Activity —
The reply should hold every line of the listing exactly, and none of its images.

Information provided —
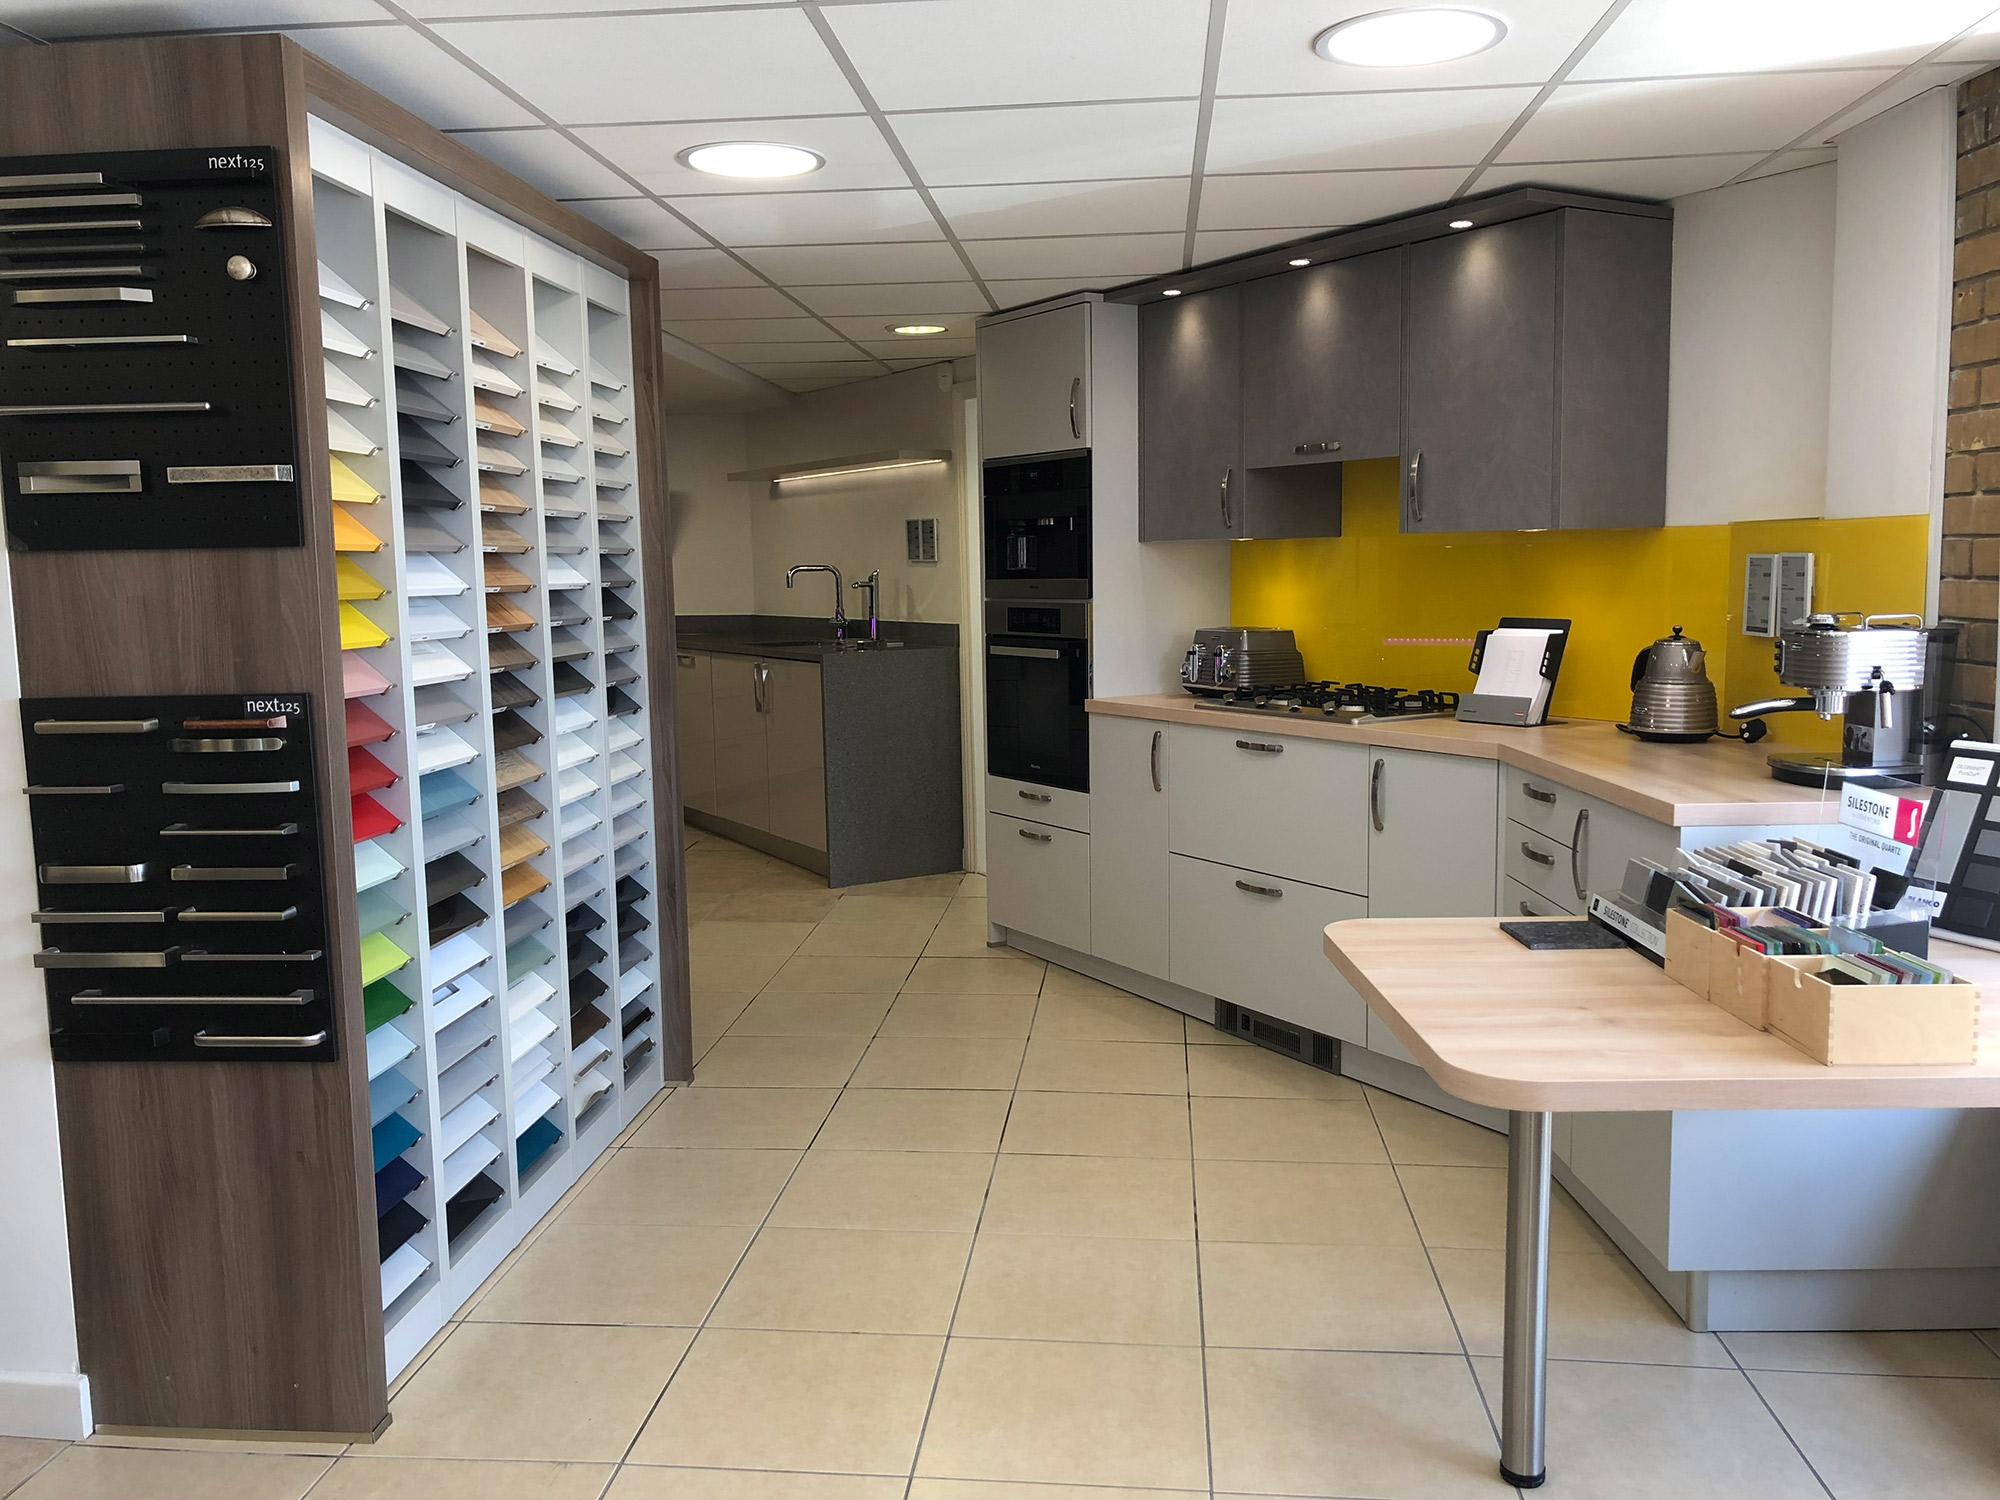 Kitchen Showroom in Benfleet, Essex - Bentons Kitchens
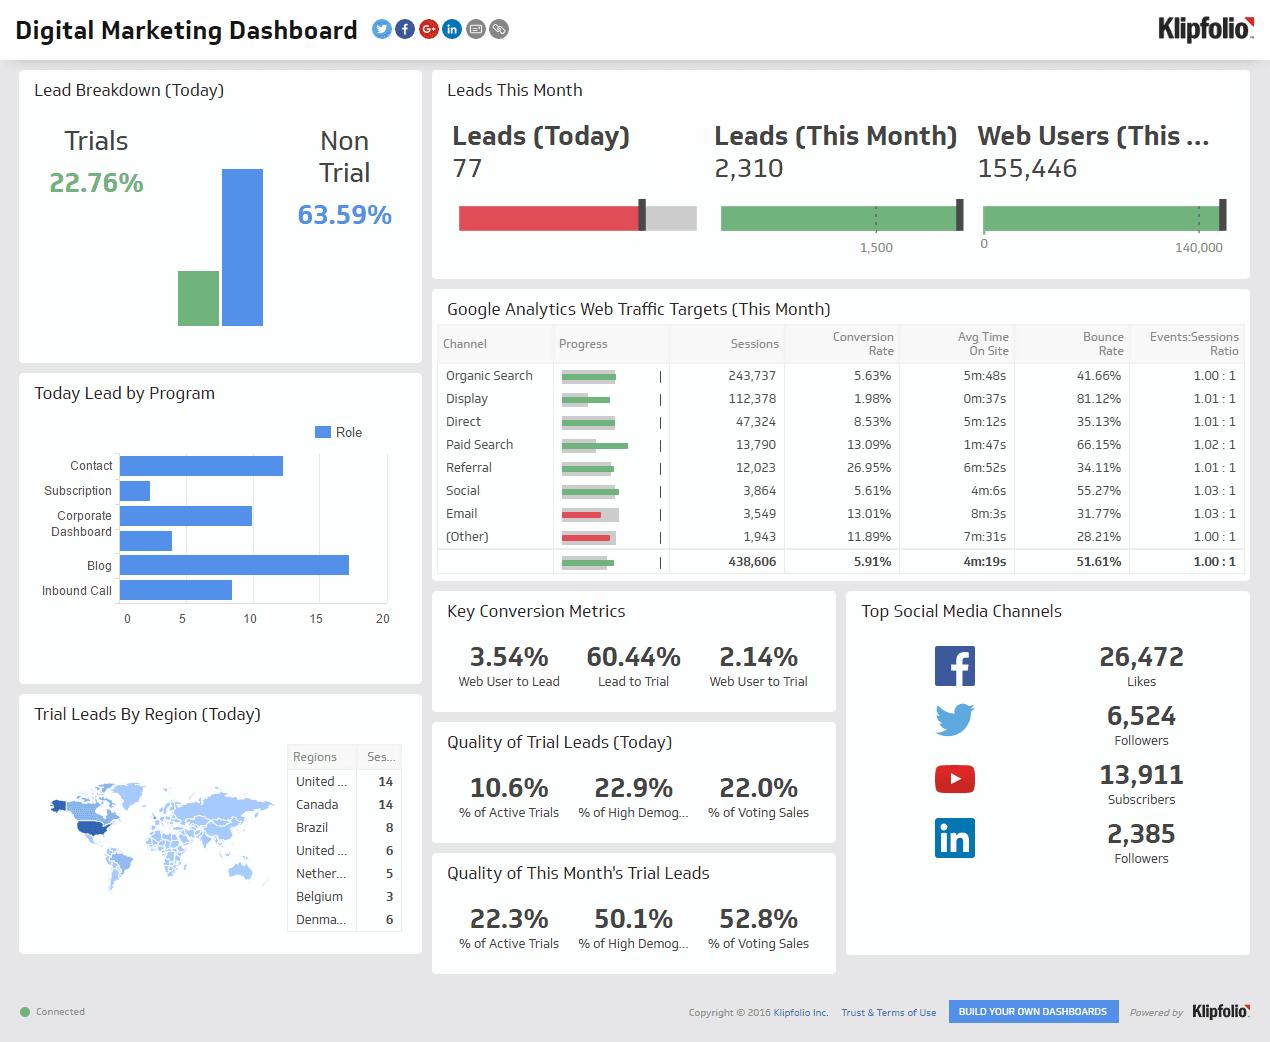 Digital Marketing Dashboard Screenshot
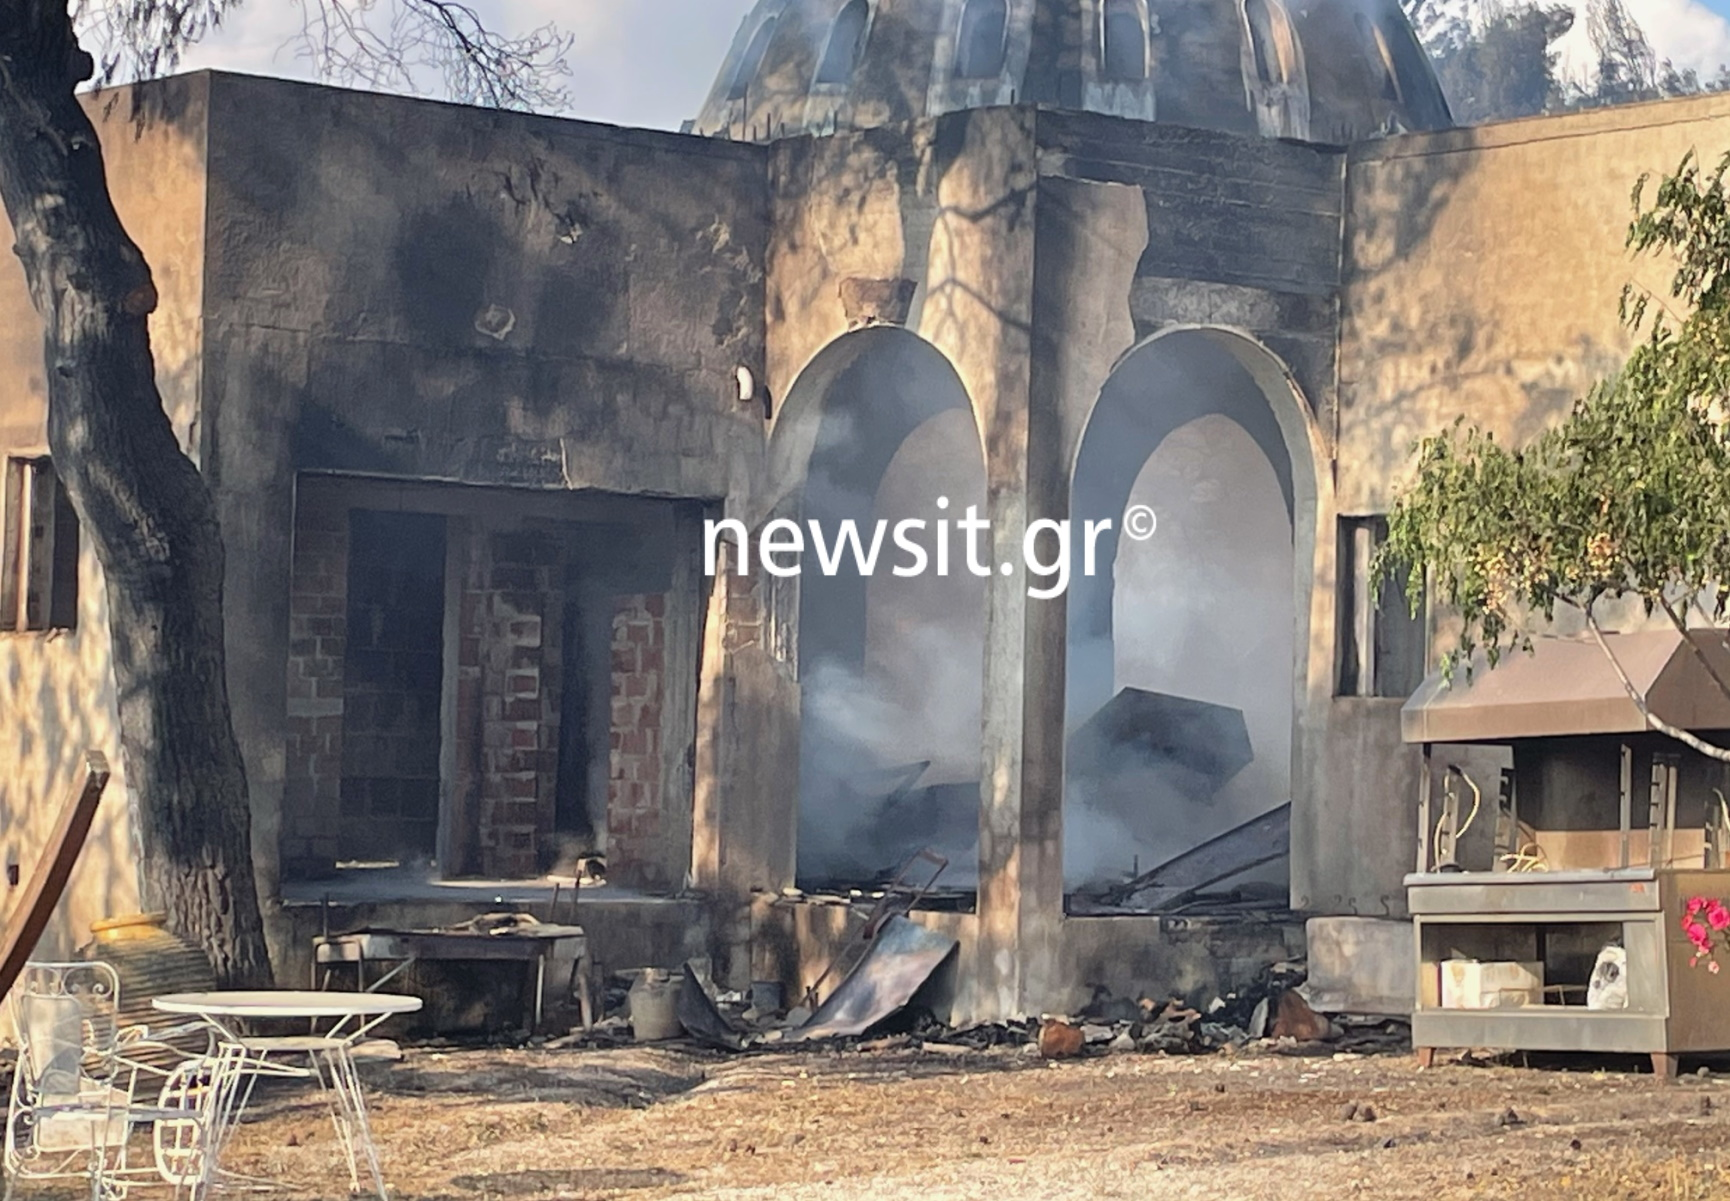 Φωτιά στην Κορινθία: «Κάρβουνο» γνωστό οινοποιείο – Εικόνες καταστροφής (pics, vid)

Response to this task —
 Kitchen Showroom in Benfleet, Essex - Bentons Kitchens
 Digital Marketing Dashboard Screenshot
 Φωτιά στην Κορινθία: «Κάρβουνο» γνωστό οινοποιείο – Εικόνες καταστροφής (pics, vid)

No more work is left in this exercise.